Peppercorns 101

Peppercorns 101

It wasn't that long ago that I made my first curry, grinding my own spices.  Plus my little kitchen has become more crowded with new appliances (a spice grinder, a cumbersome 7-quart Crock Pot, plus my first pressure cooker).  With the curry I also collected little jars and plastic bags filled with new spices.

Conventional wisdom is that we should regularly replace and refresh our spices but the fact is that I rarely do.  As a result there are some spices that sit on my shelf for years.  Years.  Like that jar of whole cloves that endlessly supplies the occasional bouquet garni, two or three cloves at a time.  I will never use it up and I'm too much of a Yankee to discard and replace.  Or nutmeg.  Why can't we buy a single nutmeg instead of a jar's worth?  At the rate I use nutmeg I'll never get to the last one, which will be tasteless by then anyway.

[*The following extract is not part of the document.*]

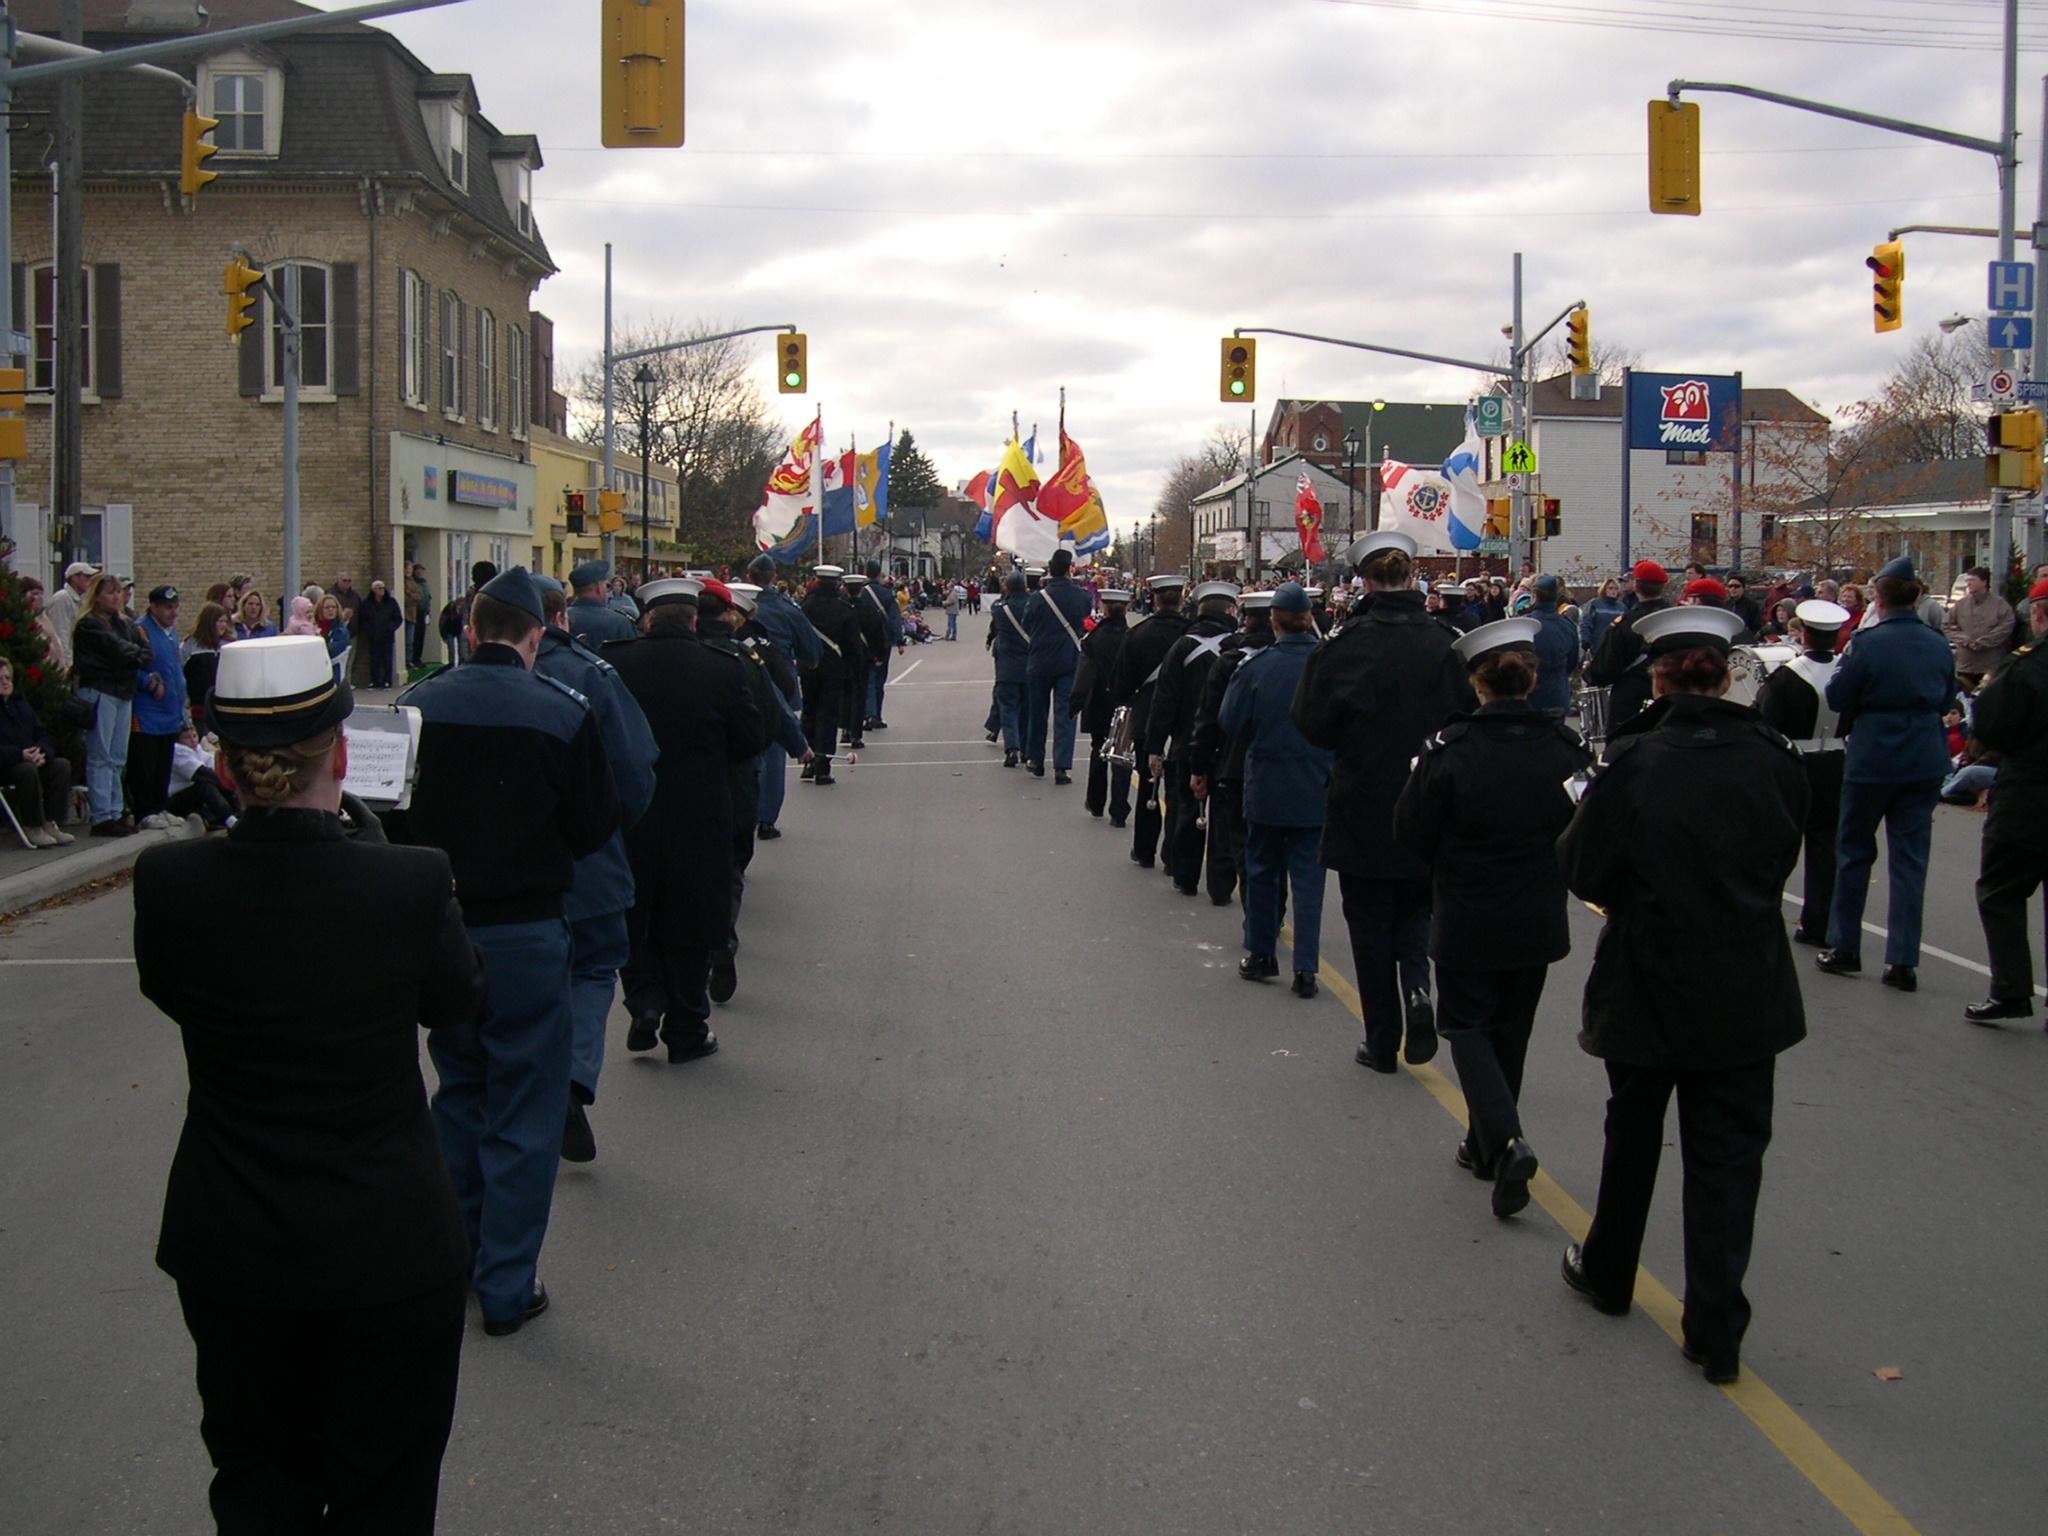 04-11-21 Cobourg Santa Claus Parade, Photo 09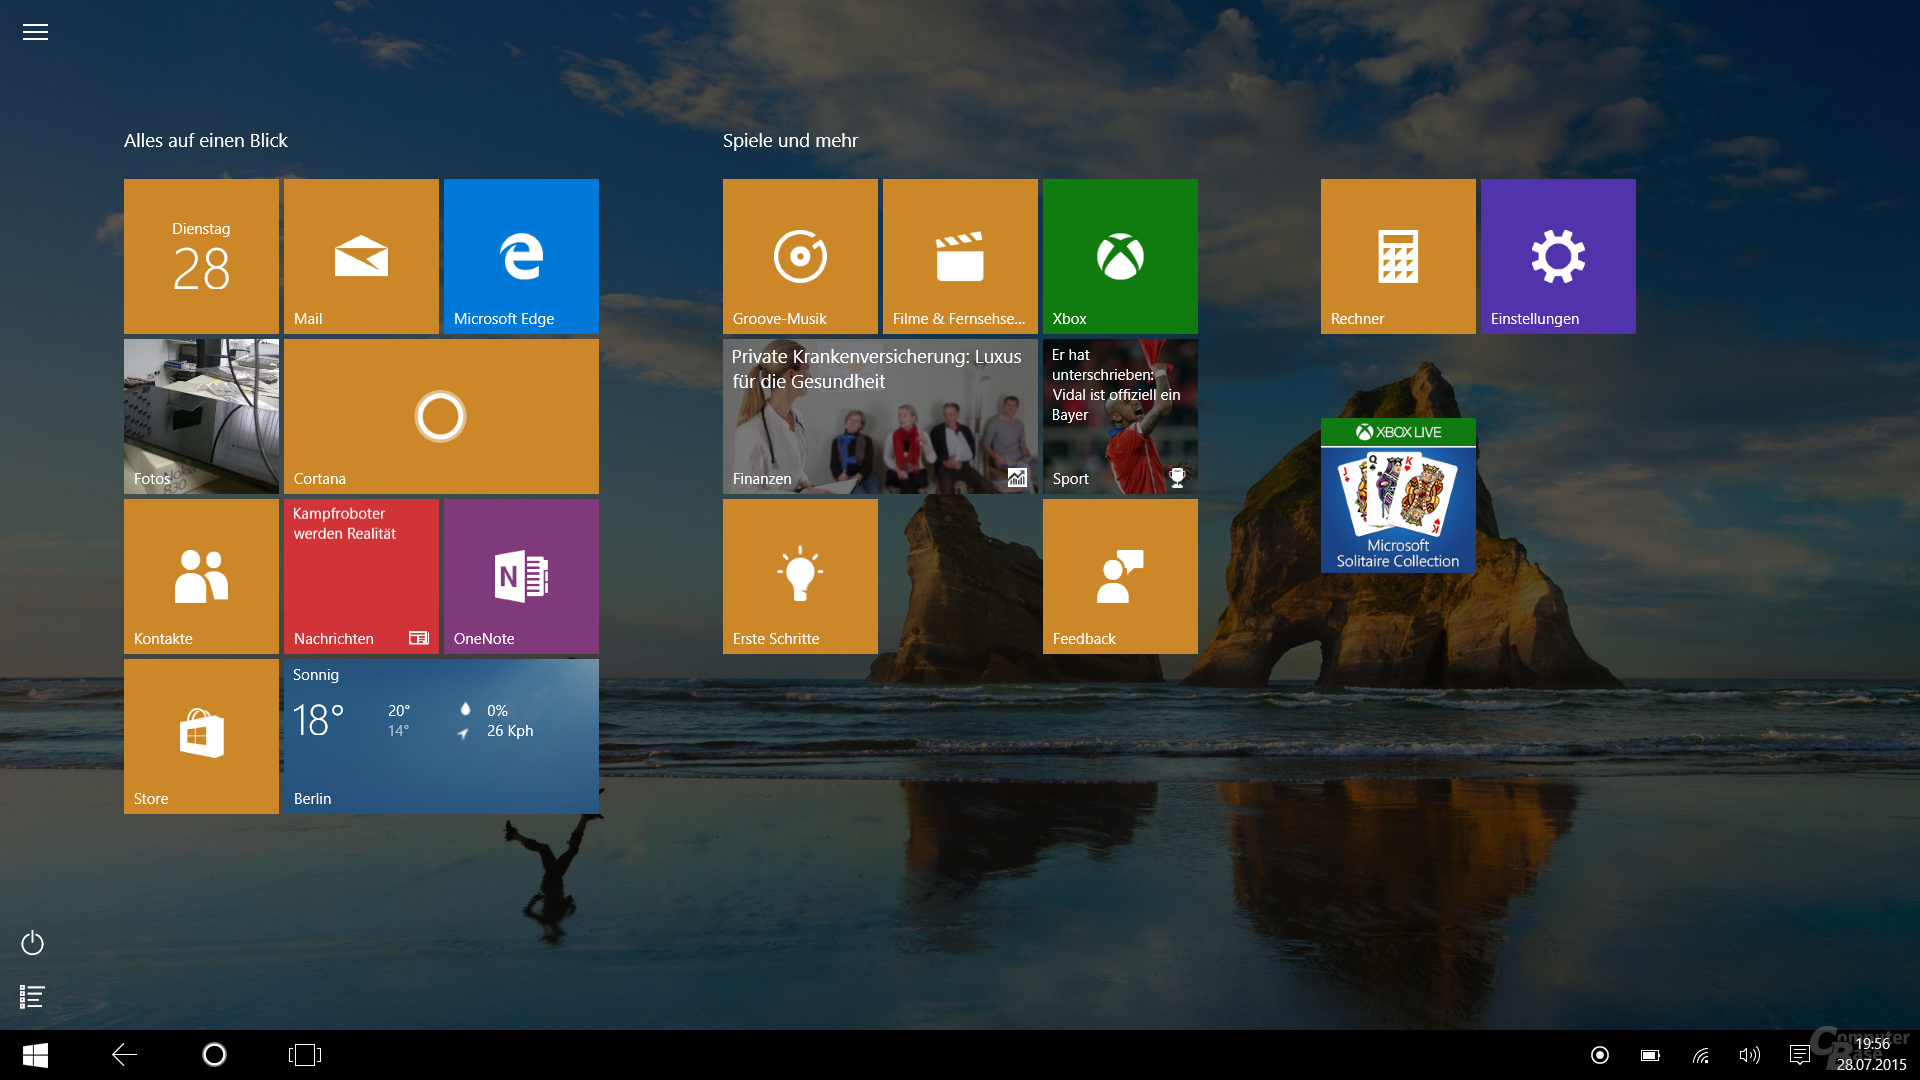 Der Tablet-Modus in Windows 10 gibt einen Vorgeschmack

But then there are only four herbs or spices that I regularly replace and that's only because I use them so often that I run out:  dried oregano, cinnamon, dried red pepper flakes, and peppercorns.  There's not a lot of variety when restocking the first three, but as I discovered on my last visit to Kalustyan's, my favorite spice store, buying peppercorns can be an exotic adventure.

The Perfect Peppermill

The first gift my husband gave to "us" as we made our first home together was a French Perfex peppermill.  That was many years ago and I still use it daily.  Unlike the more familiar big wooden peppermills, my aluminum Perfex, at only three and a half inches, is small and very plain.  It was made in Saint-Etienne, France, in a family-owned factory (if you buy a new Perfex today it will come from the same factory).  It has a crank handle and a little chute on its side that gets filled as if it were a coal bin; I use a narrow-tipped grapefruit spoon to shuttle peppercorns into its belly.  The grind is easily adjustable but I seem to have set it right two decades ago, as I can't recall needing to ever fuss with how fine or coarse the pepper becomes passing through its mechanism.

Until Mark gave me the peppermill, I had simply bought ground pepper at the supermarket, not knowing that it could have easily been ground and packaged months, possibly years before they made their way to my kitchen. Pepper dust, I now call it.  I also didn't understand that the pepper flavor is at its best at the moment the peppercorns are ground into bits.  To be adding pre-ground supermarket black pepper to my food -- well, I might as well have been adding dust.

Mark knew better and thus bought us the peppermill.  I felt an obligation to honor it so I headed off to Dean & Deluca to buy my first peppercorns.  But standing in front of their large spice selection, I was clueless.  Shelf after shelf was filled with stacks of the store's distinctive little metal spice tins, each with a label that only confused me further:  Szechuan, Pink Peppercorns, Tellicherry, Half-Cracked Pepper.  I remember choosing the Szechuan on the basis of no knowledge but simply the name, thinking, "hey, Chinese food can be spicy so this must be good."  But when I got home and opened the tin, inside I found deep red and gnarly little bits that had little resemblance to the ordinary black peppercorns I had seen before.  Being afraid of the unfamiliar, I closed the tin and never used them, instead heading to the grocery store where I bought a little glass jar of black peppercorns. 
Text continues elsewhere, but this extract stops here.